- EXERCISE DIRECTIONS -
The task for the listing below is to write out exactly the lines starting at the one containing "5 Chaises de" and ending at the one containing "5 chaises disponibles Prix pour 1", both included. Pictures are to be omitted.

- DATASET CONTENT -
Content starts
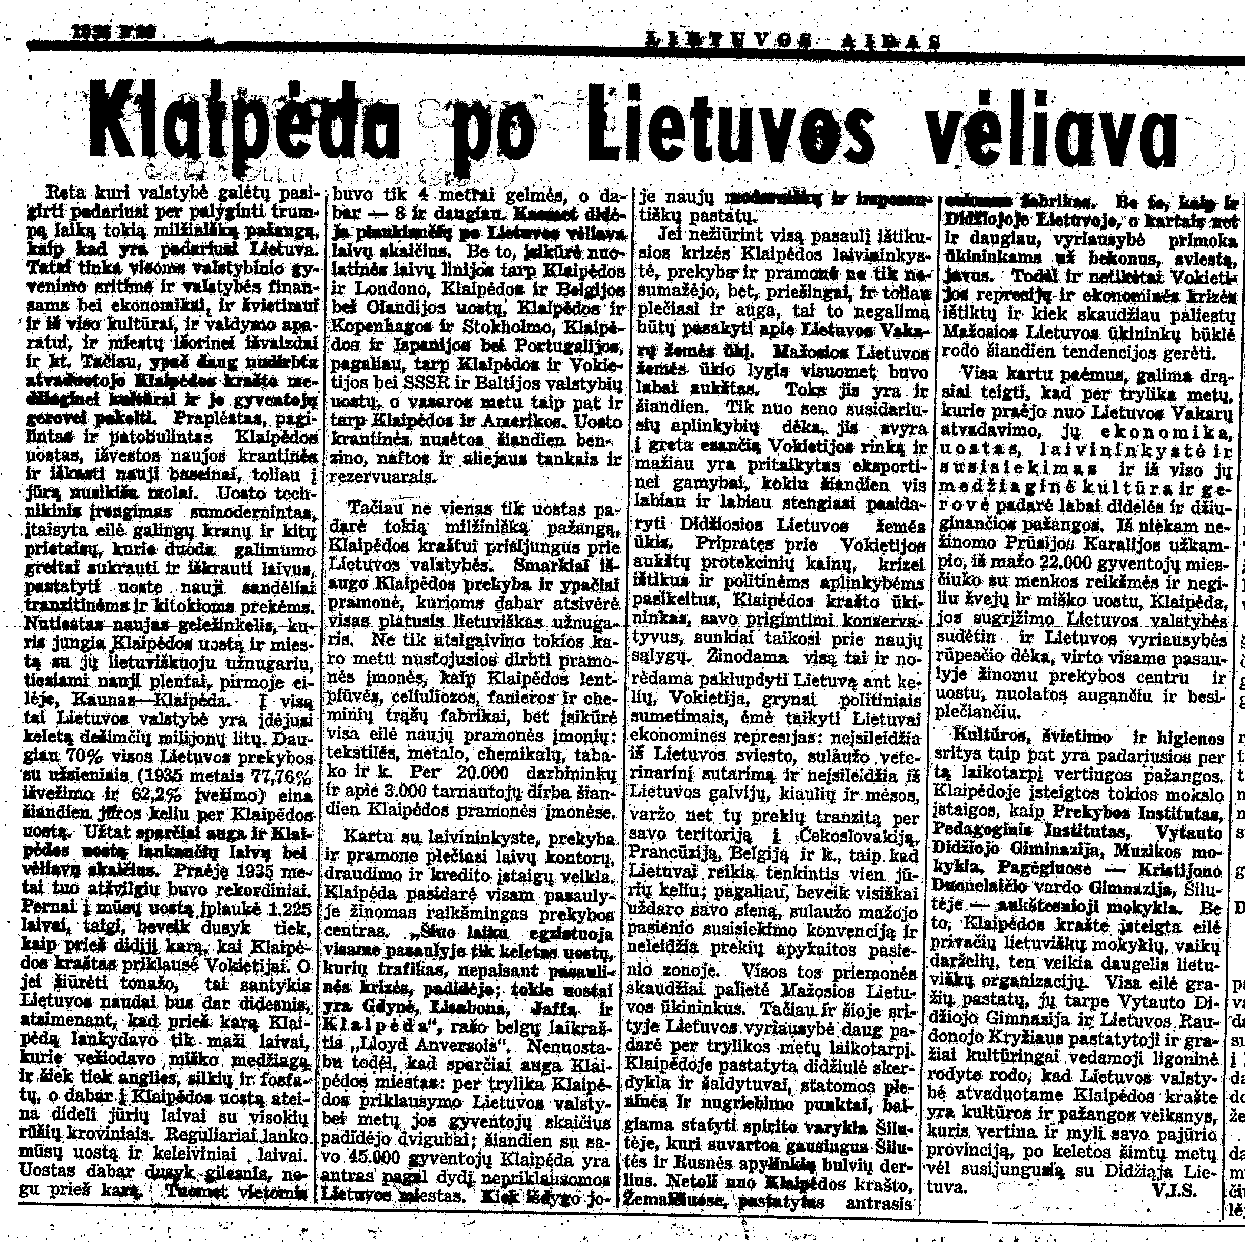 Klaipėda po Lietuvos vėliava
Content ends
Content starts
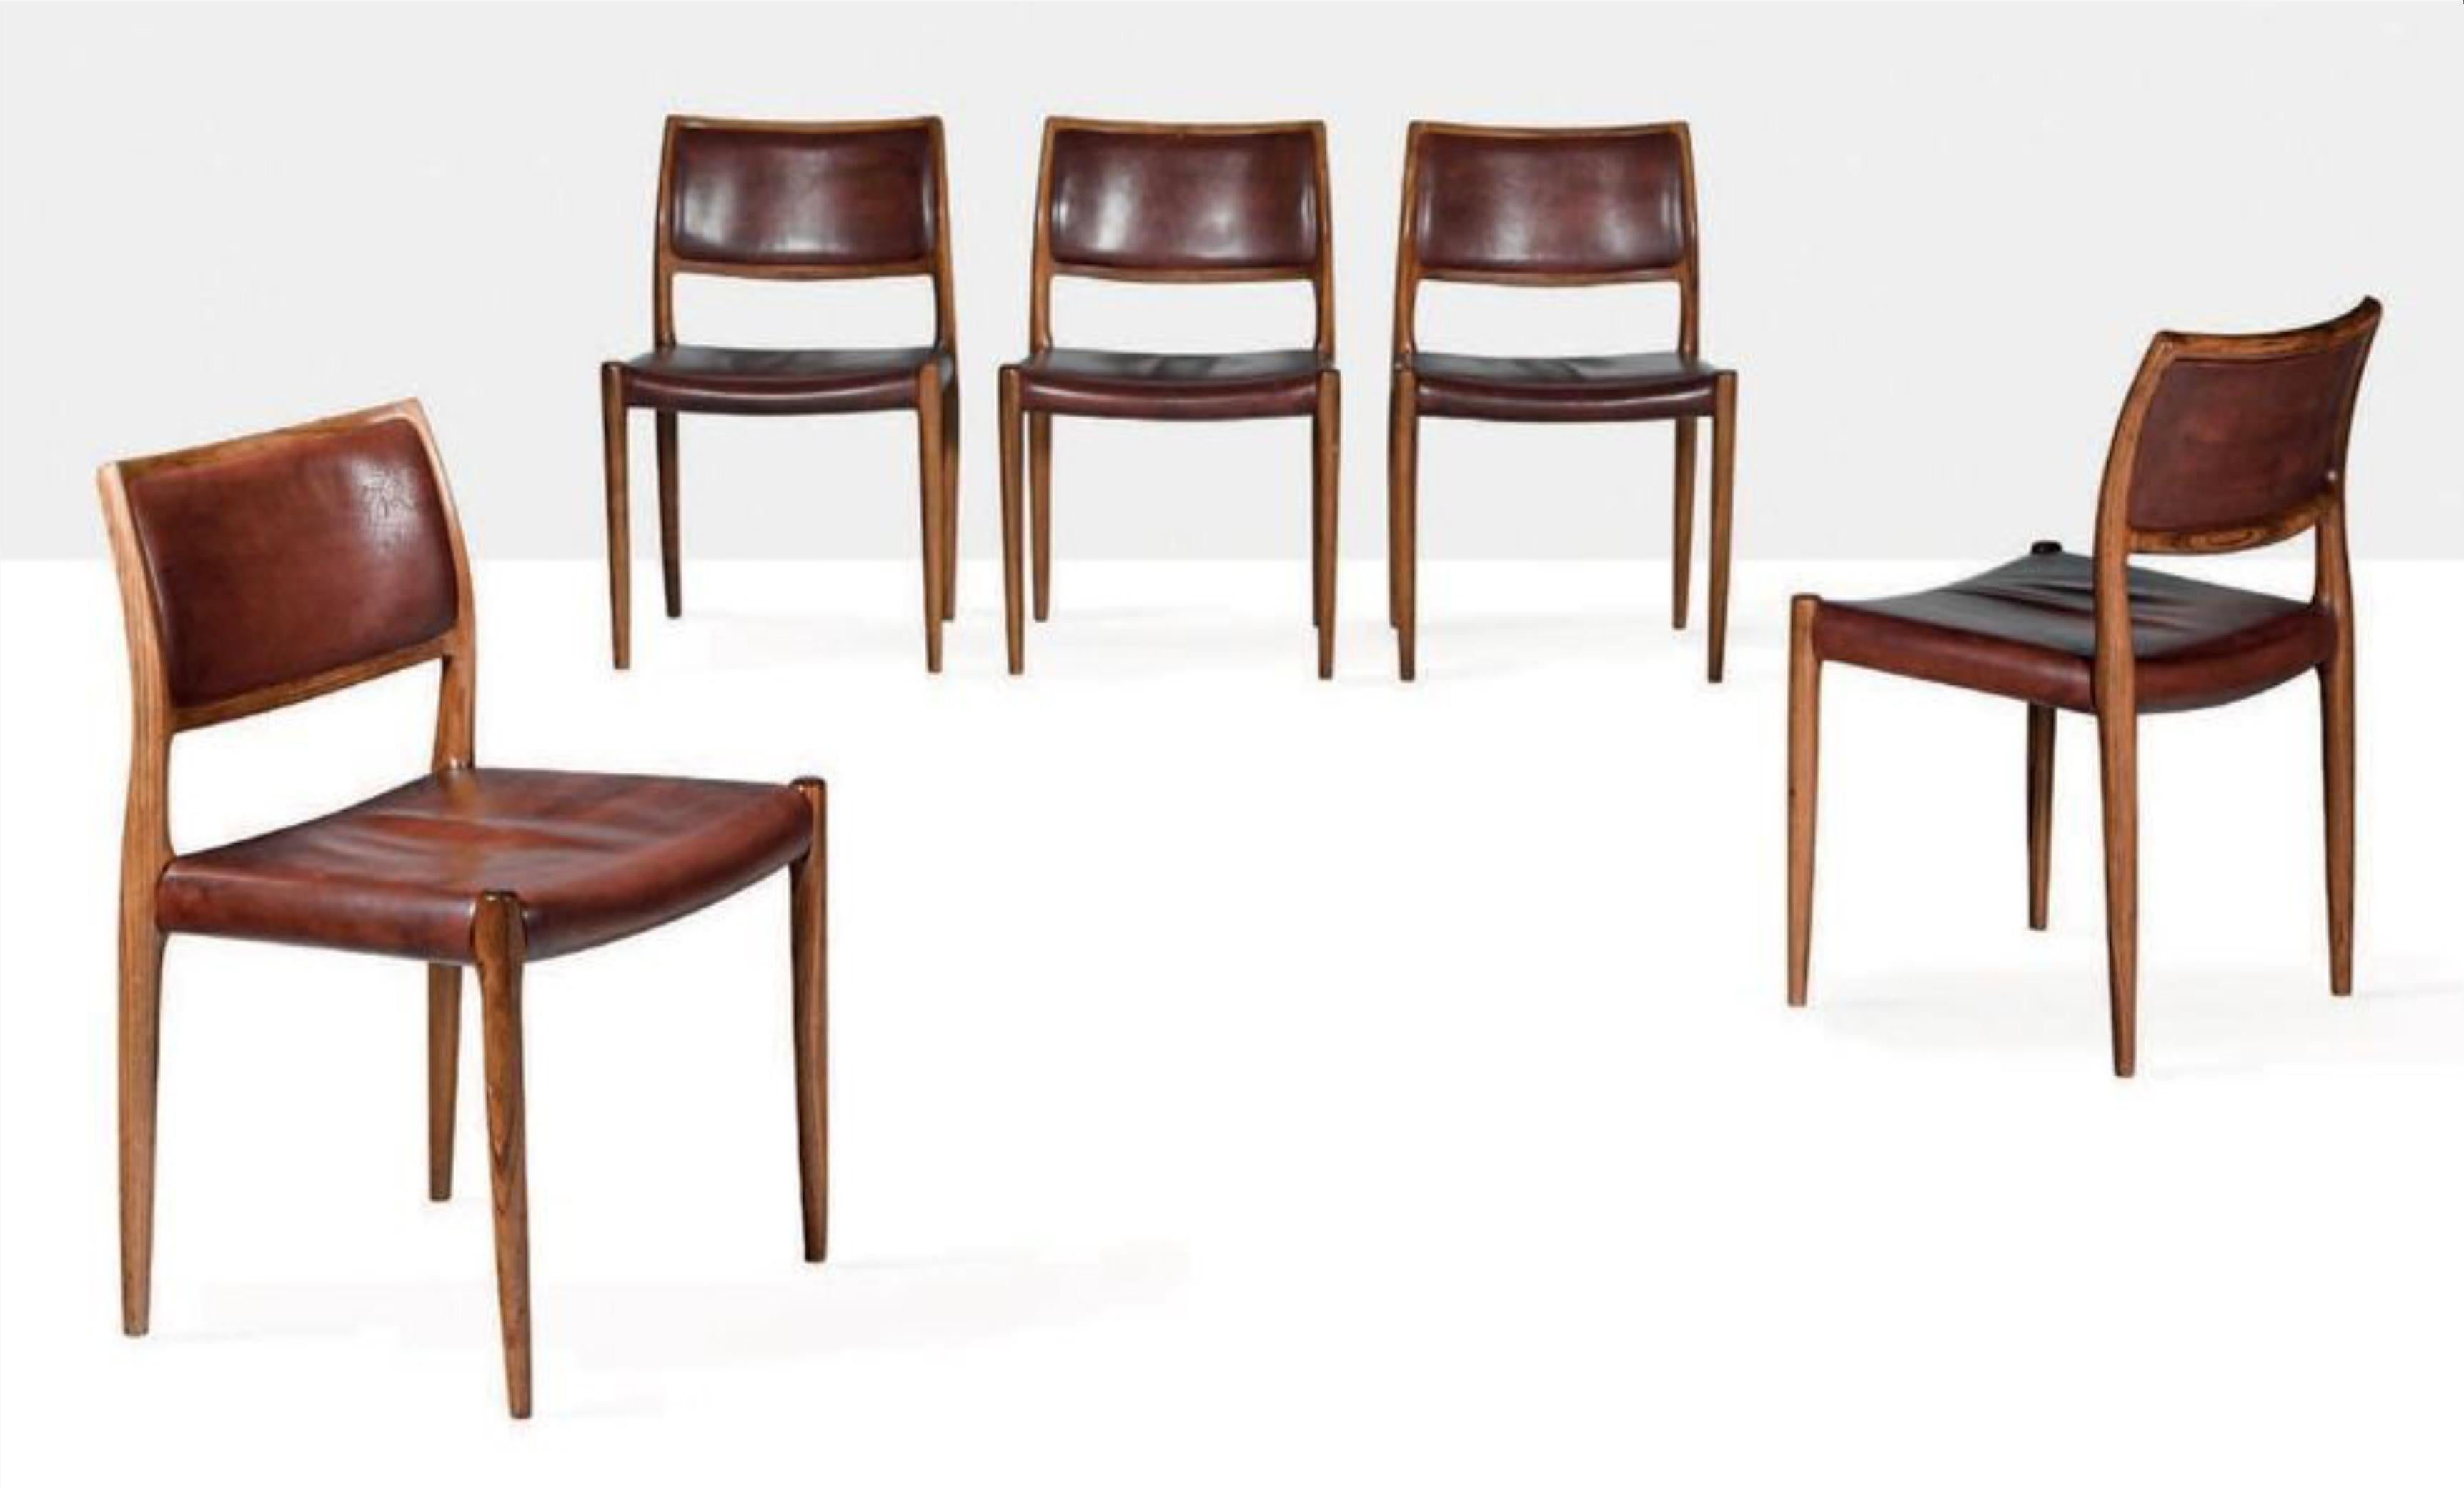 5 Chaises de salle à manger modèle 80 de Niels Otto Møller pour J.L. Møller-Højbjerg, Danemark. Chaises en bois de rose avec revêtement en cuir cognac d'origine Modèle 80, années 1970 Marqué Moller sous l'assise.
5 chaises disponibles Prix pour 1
Content ends
- YOUR RESPONSE -
 5 Chaises de salle à manger modèle 80 de Niels Otto Møller pour J.L. Møller-Højbjerg, Danemark. Chaises en bois de rose avec revêtement en cuir cognac d'origine Modèle 80, années 1970 Marqué Moller sous l'assise.
5 chaises disponibles Prix pour 1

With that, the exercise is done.